◆ WORK TASK ◆
The range runs from the line containing "LAS VEGAS, NEVADA - APRIL" through the last line of the material below; retype it exactly, leaving out the pictures.

◆ EXERCISE DATA ◆
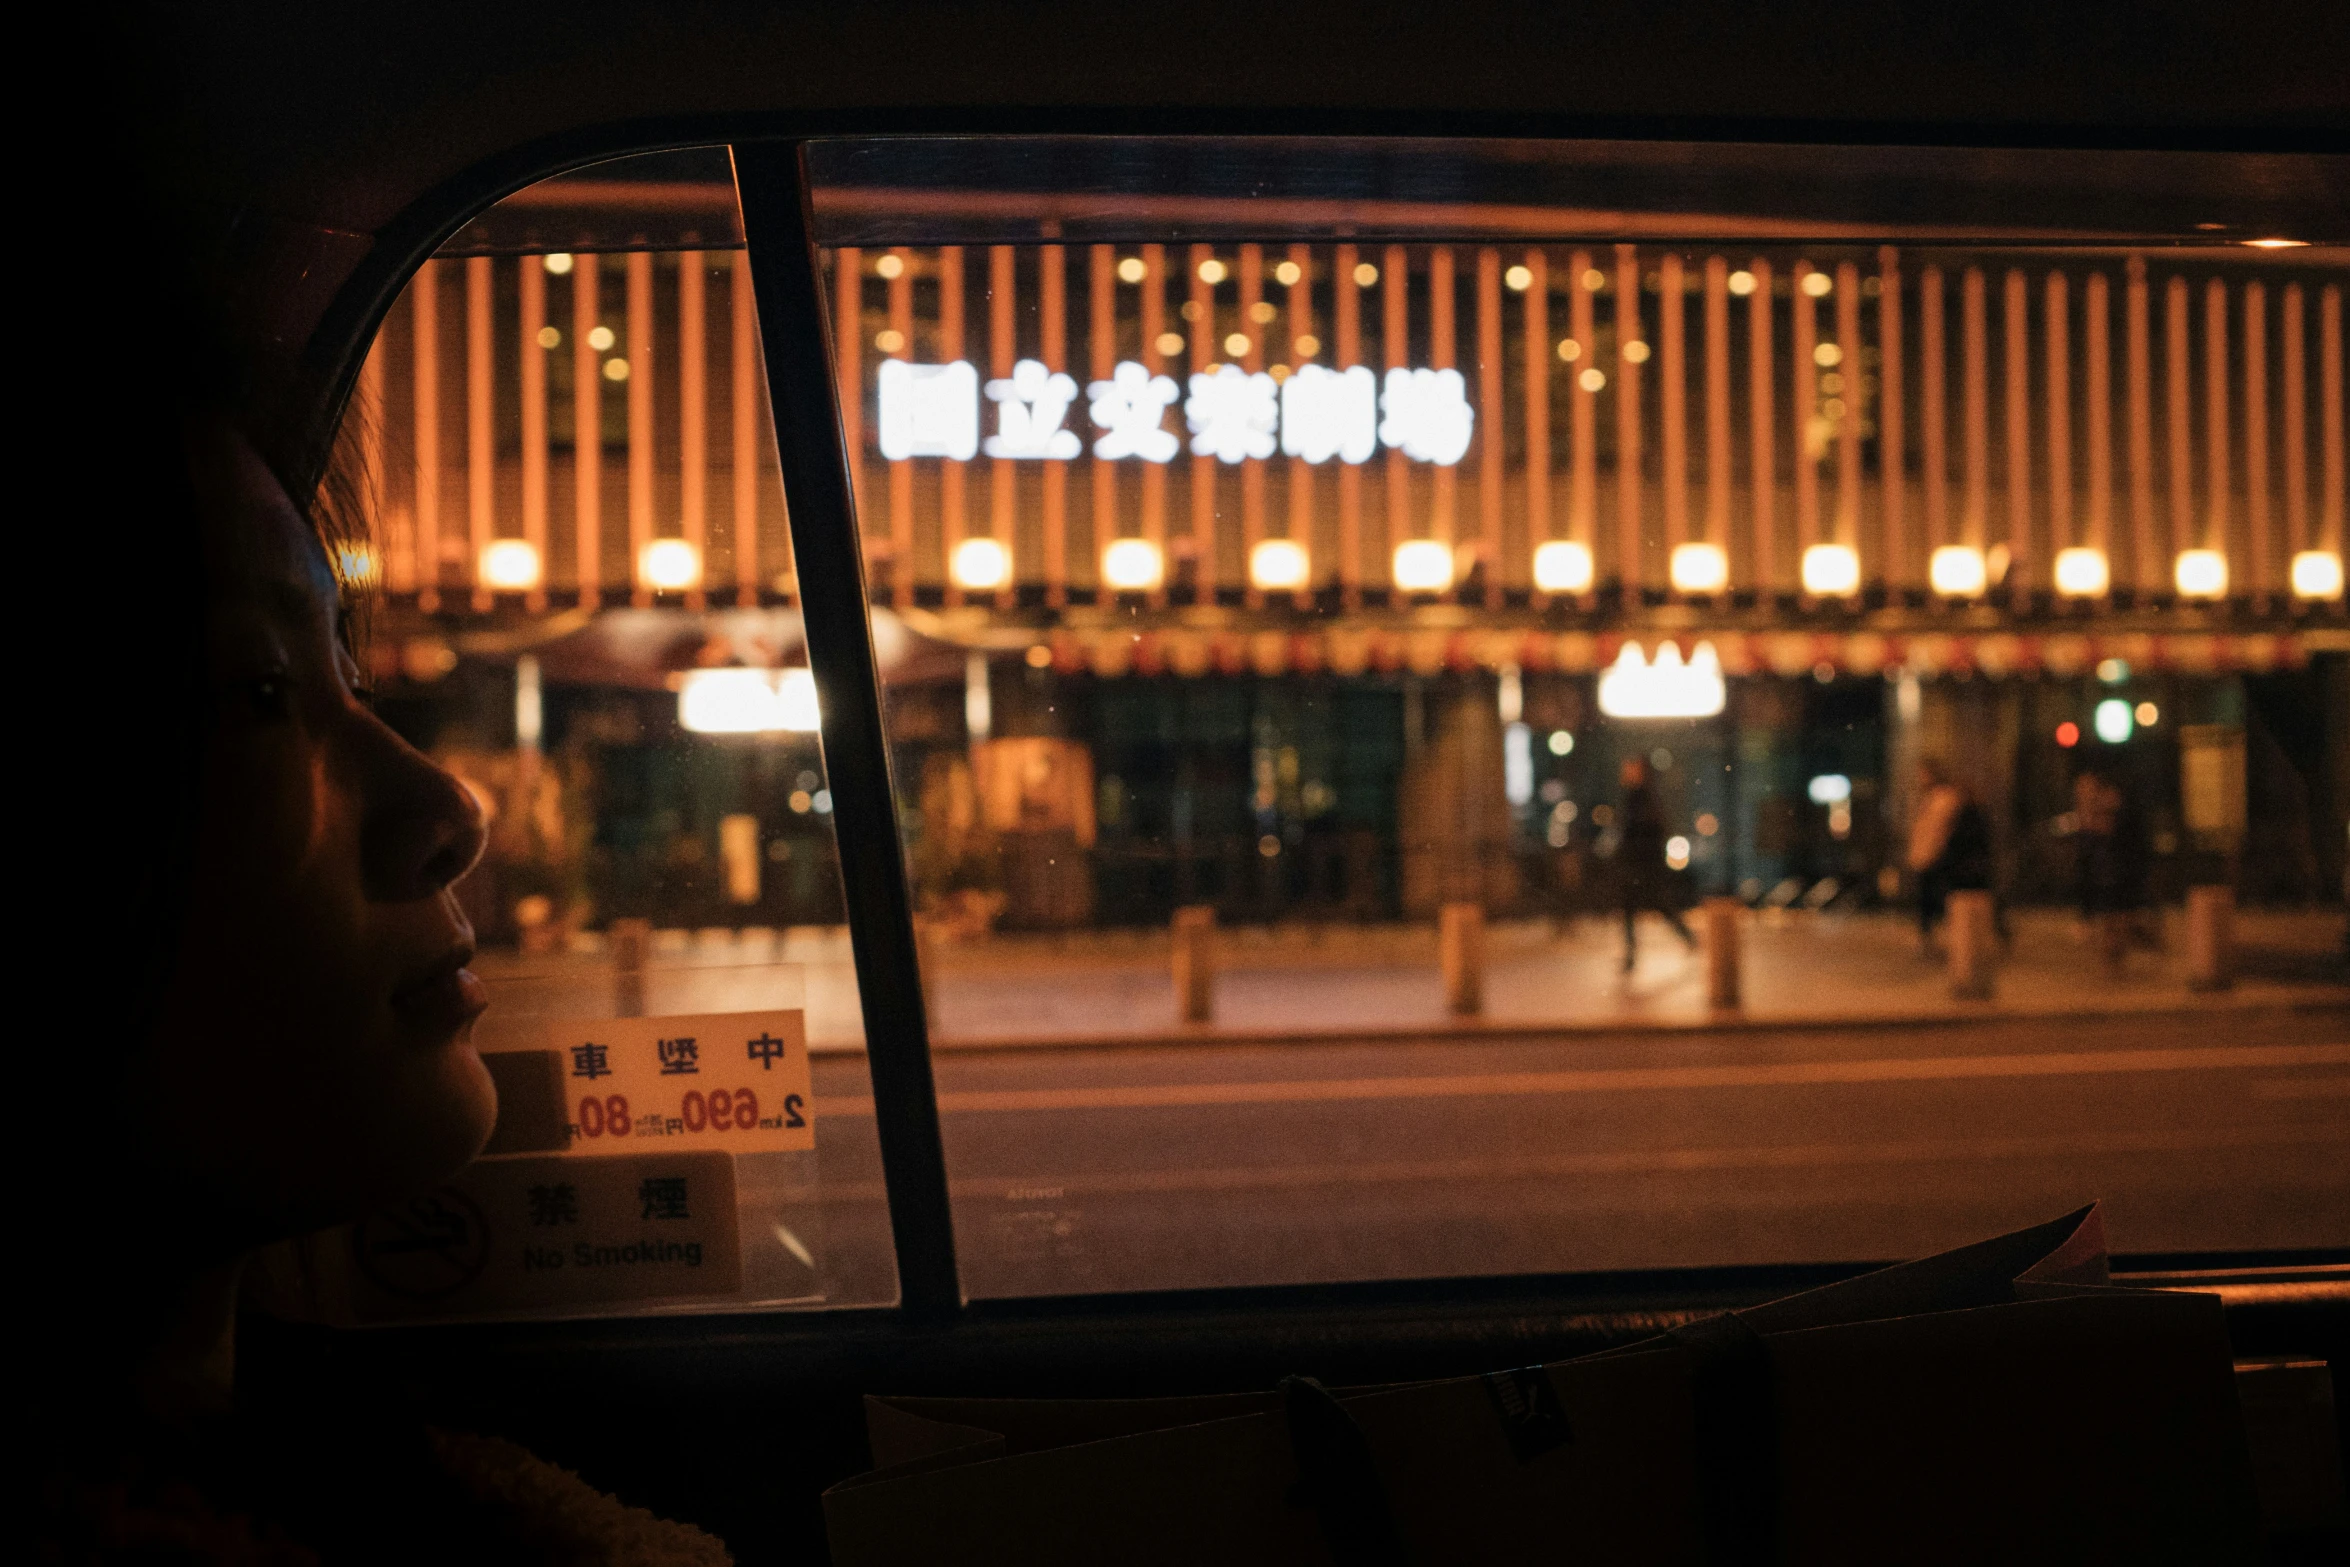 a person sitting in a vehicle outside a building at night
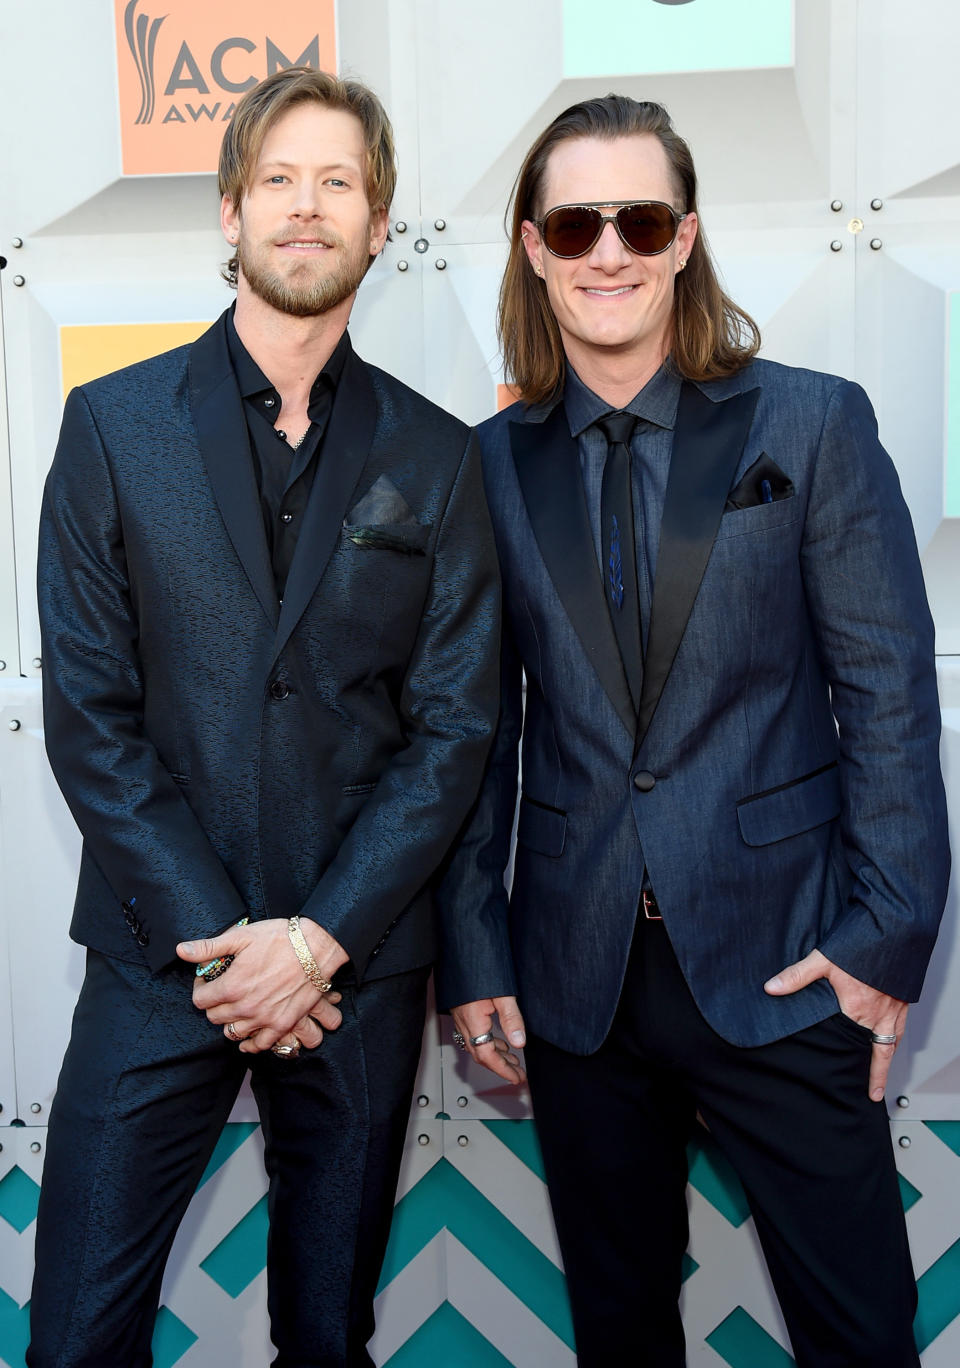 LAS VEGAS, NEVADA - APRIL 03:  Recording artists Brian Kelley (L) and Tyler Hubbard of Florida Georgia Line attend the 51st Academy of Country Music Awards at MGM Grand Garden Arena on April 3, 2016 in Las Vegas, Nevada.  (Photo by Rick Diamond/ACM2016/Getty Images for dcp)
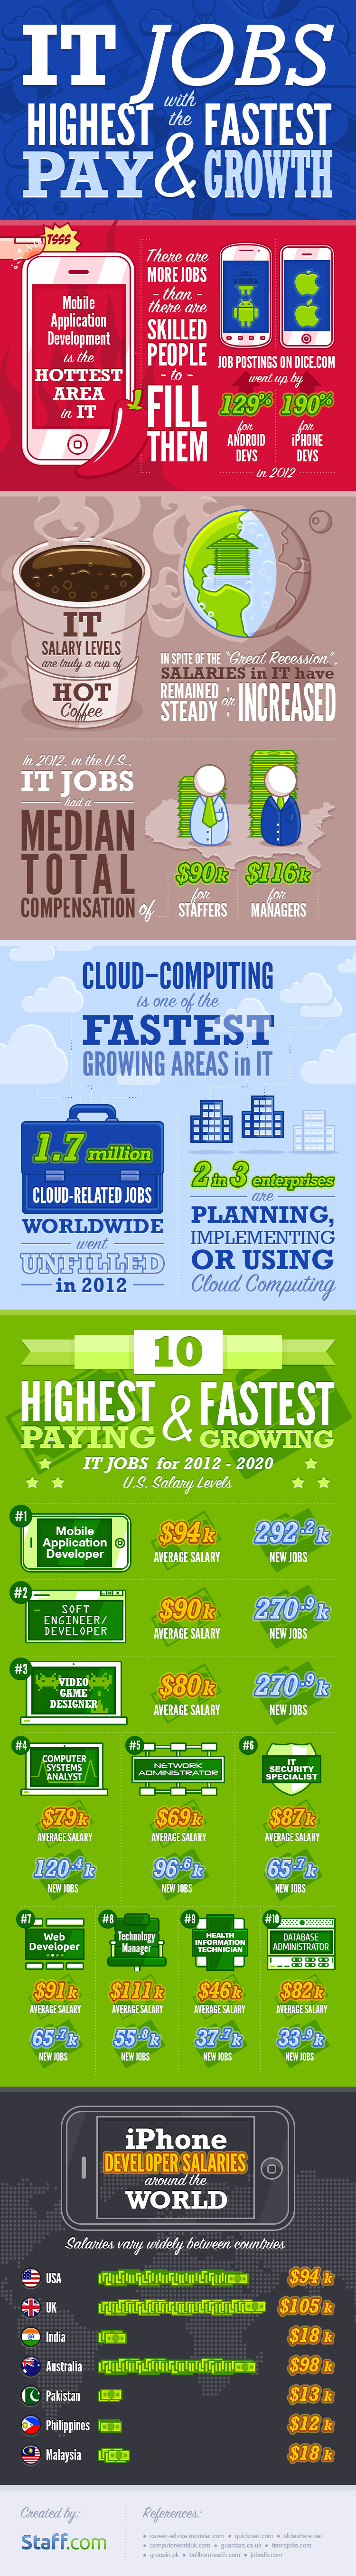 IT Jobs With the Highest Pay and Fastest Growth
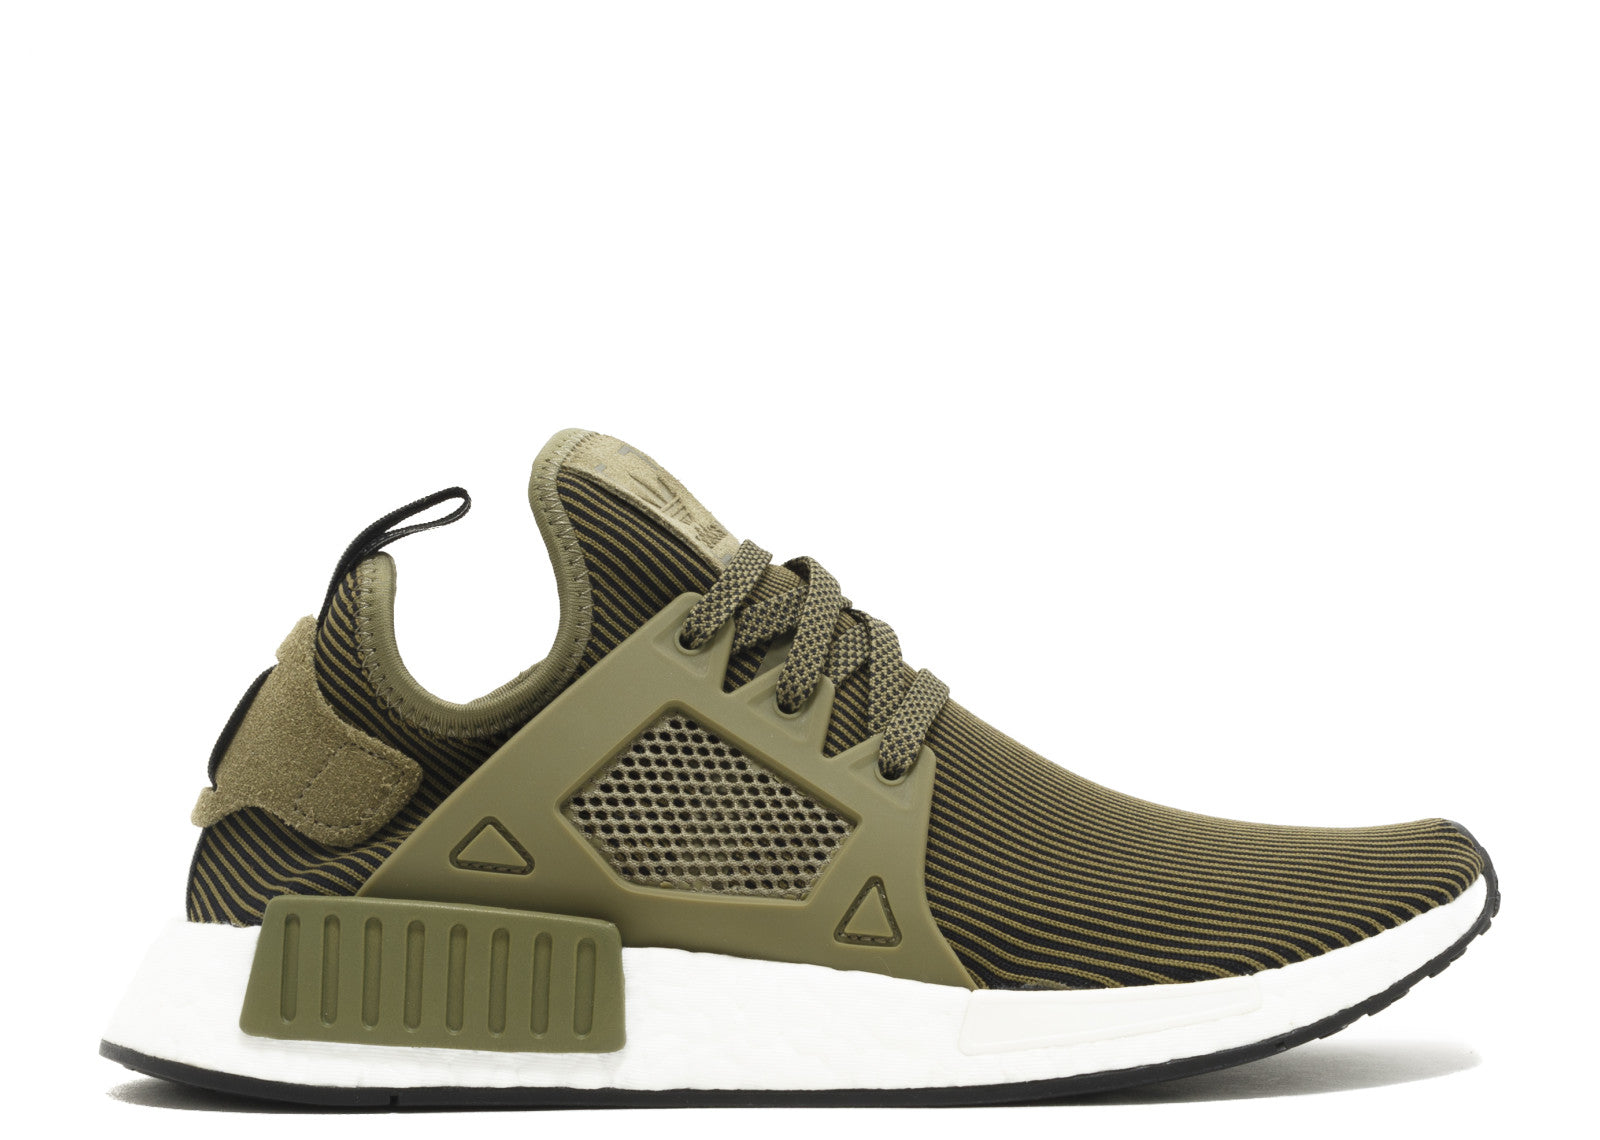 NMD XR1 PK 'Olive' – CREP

◆ RESULT BELOW ◆
 LAS VEGAS, NEVADA - APRIL 03:  Recording artists Brian Kelley (L) and Tyler Hubbard of Florida Georgia Line attend the 51st Academy of Country Music Awards at MGM Grand Garden Arena on April 3, 2016 in Las Vegas, Nevada.  (Photo by Rick Diamond/ACM2016/Getty Images for dcp)
 IT Jobs With the Highest Pay and Fastest Growth
 NMD XR1 PK 'Olive' – CREP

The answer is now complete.